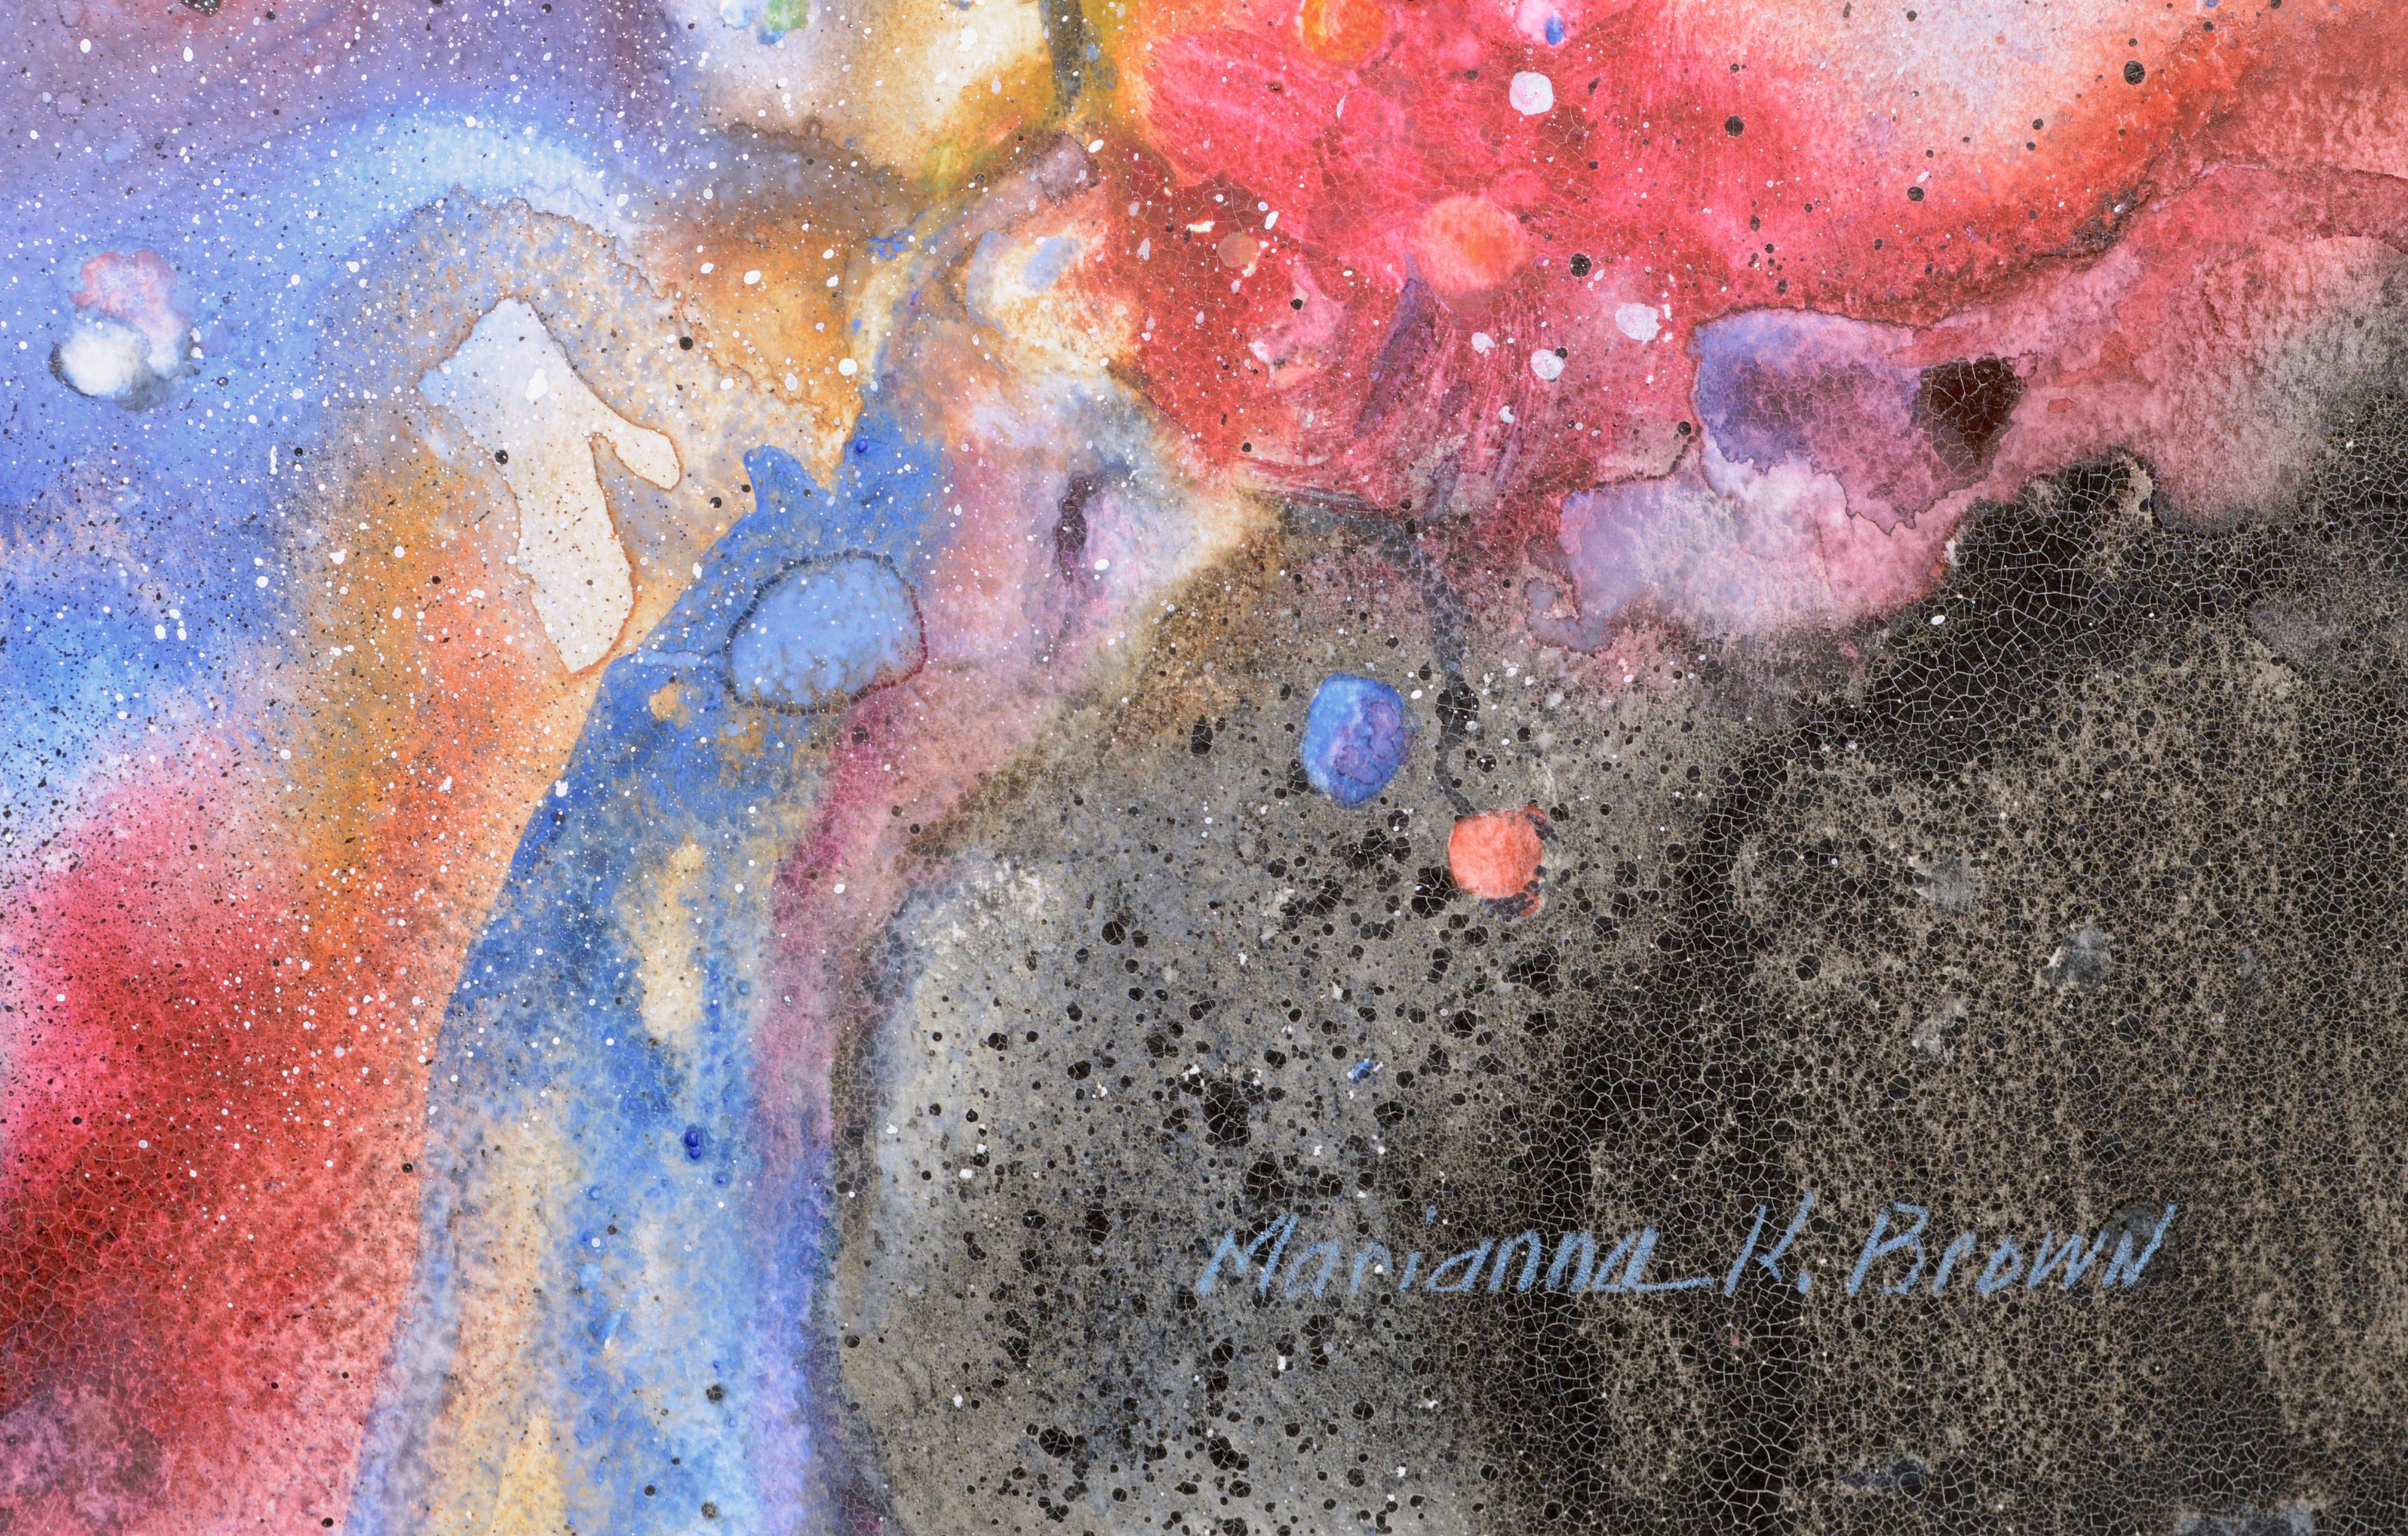 Evolution Orion Nebula (1), Colorful Cosmic Flow Abstract - Gray Abstract Painting by Marianne K. Brown
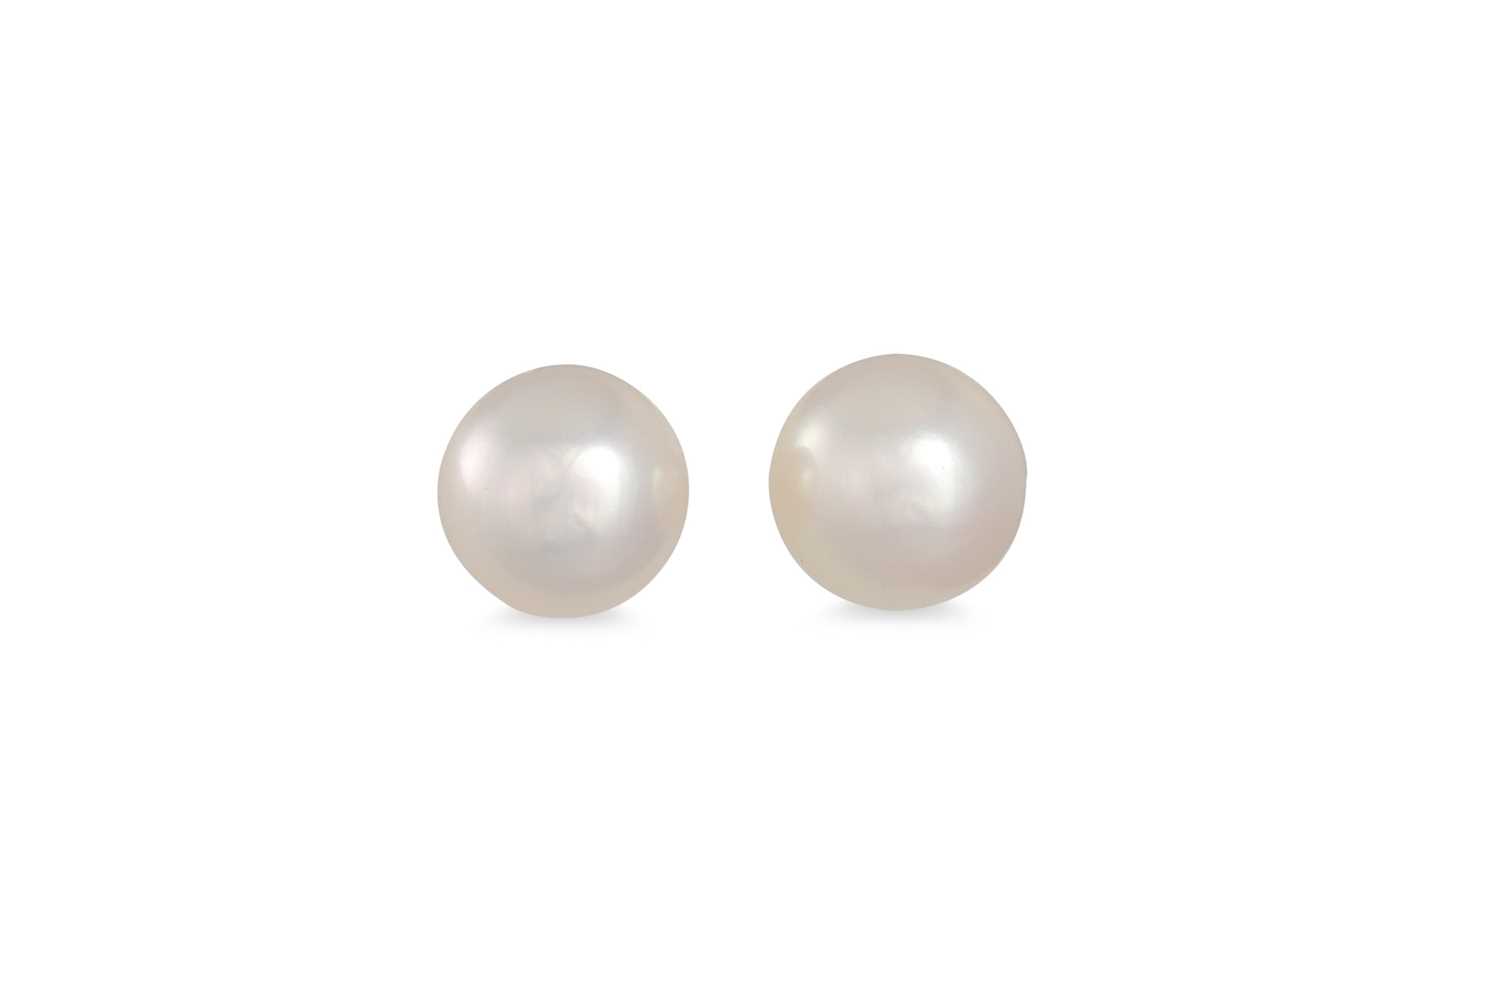 Lot 37 - A PAIR OF PEARL EARRINGS, mounted in 9ct gold
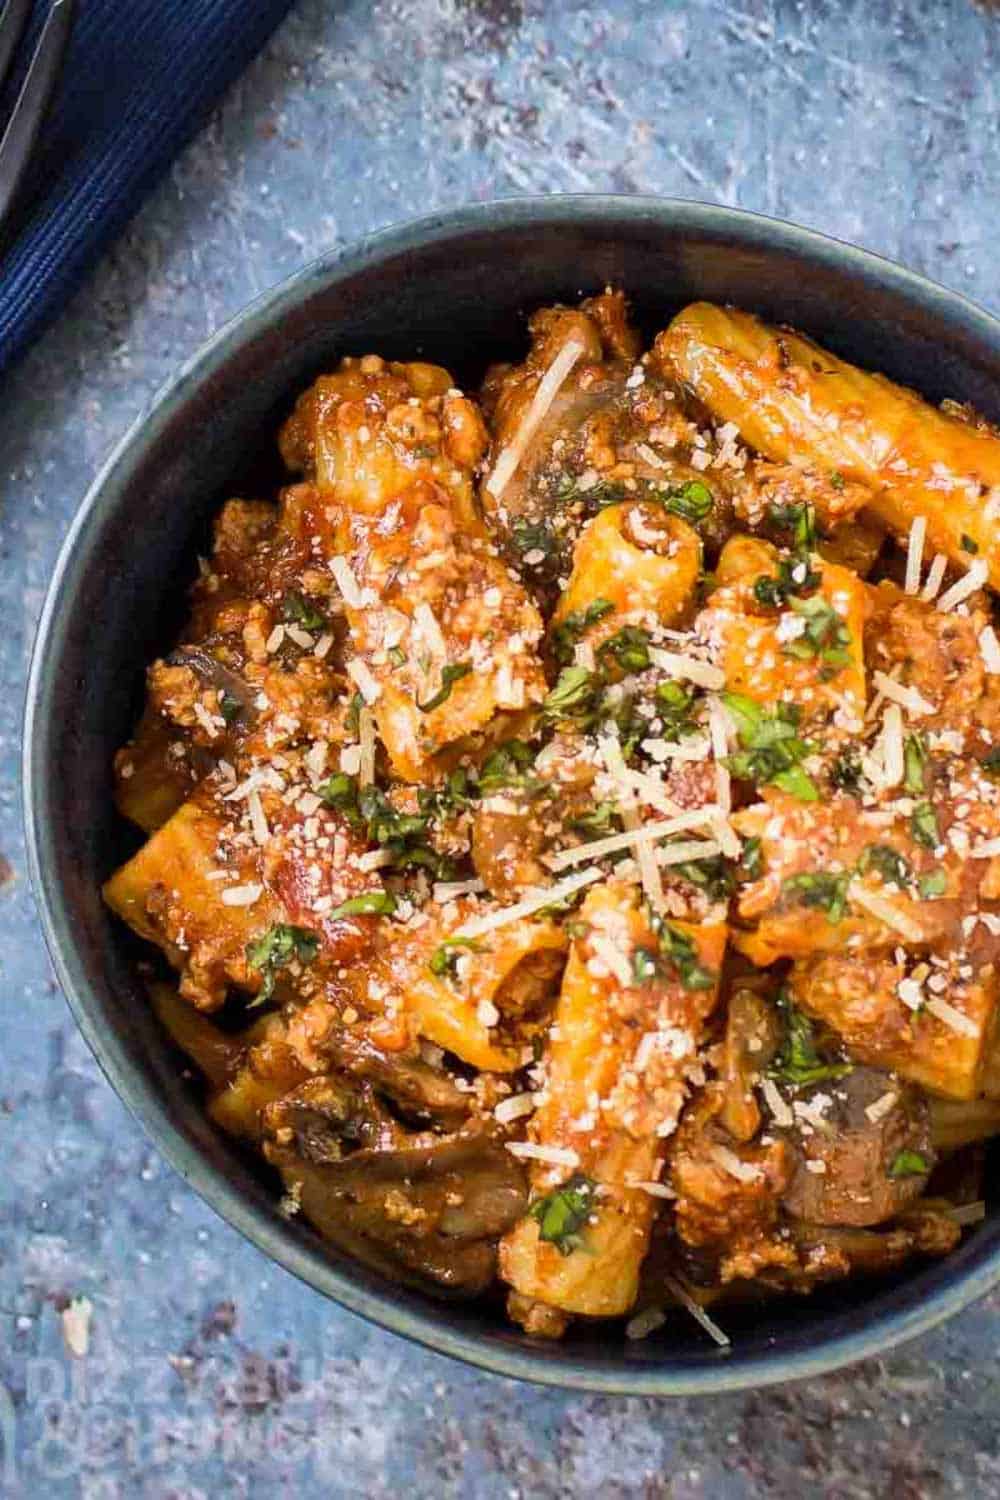 Overhead shot of rigatoni garnished with cheese and herbs in a blue bowl on a blue speckled surface with a blue cloth on the side.
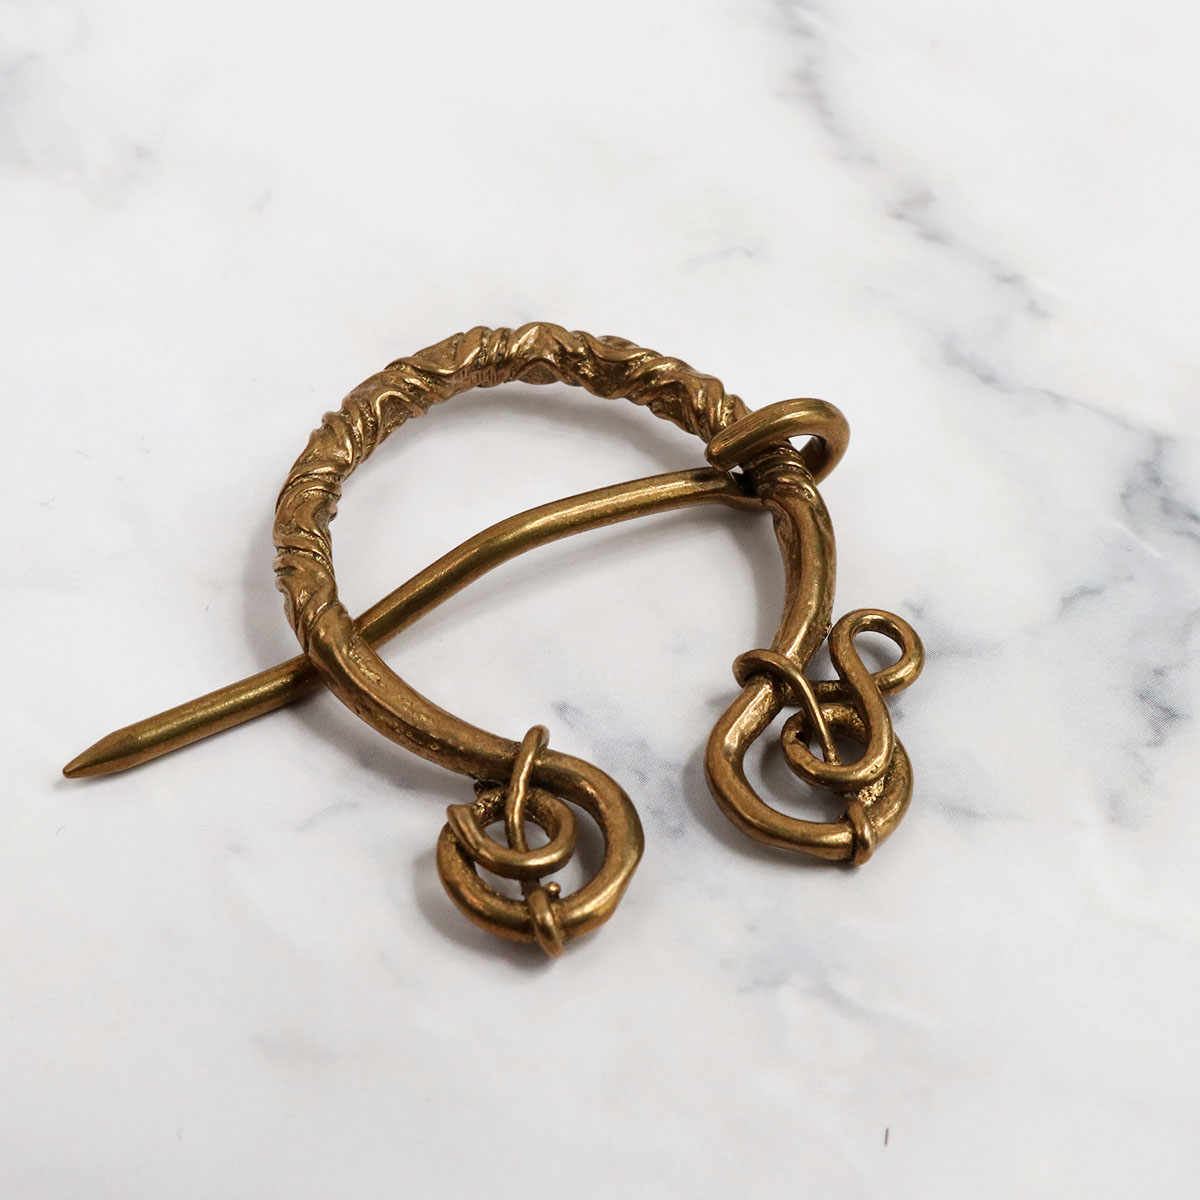 A pair of brass earrings on a marble table with an "Entangled Brass Penannular Brooch".

──────────

■ **Directions**:
Exactly the lines running from the one with "Overhead shot of" through the end of the listing above must be output, both ends included. No pictures belong in the output.

■ **Response area**:
 Overhead shot of rigatoni garnished with cheese and herbs in a blue bowl on a blue speckled surface with a blue cloth on the side.
 A pair of brass earrings on a marble table with an "Entangled Brass Penannular Brooch".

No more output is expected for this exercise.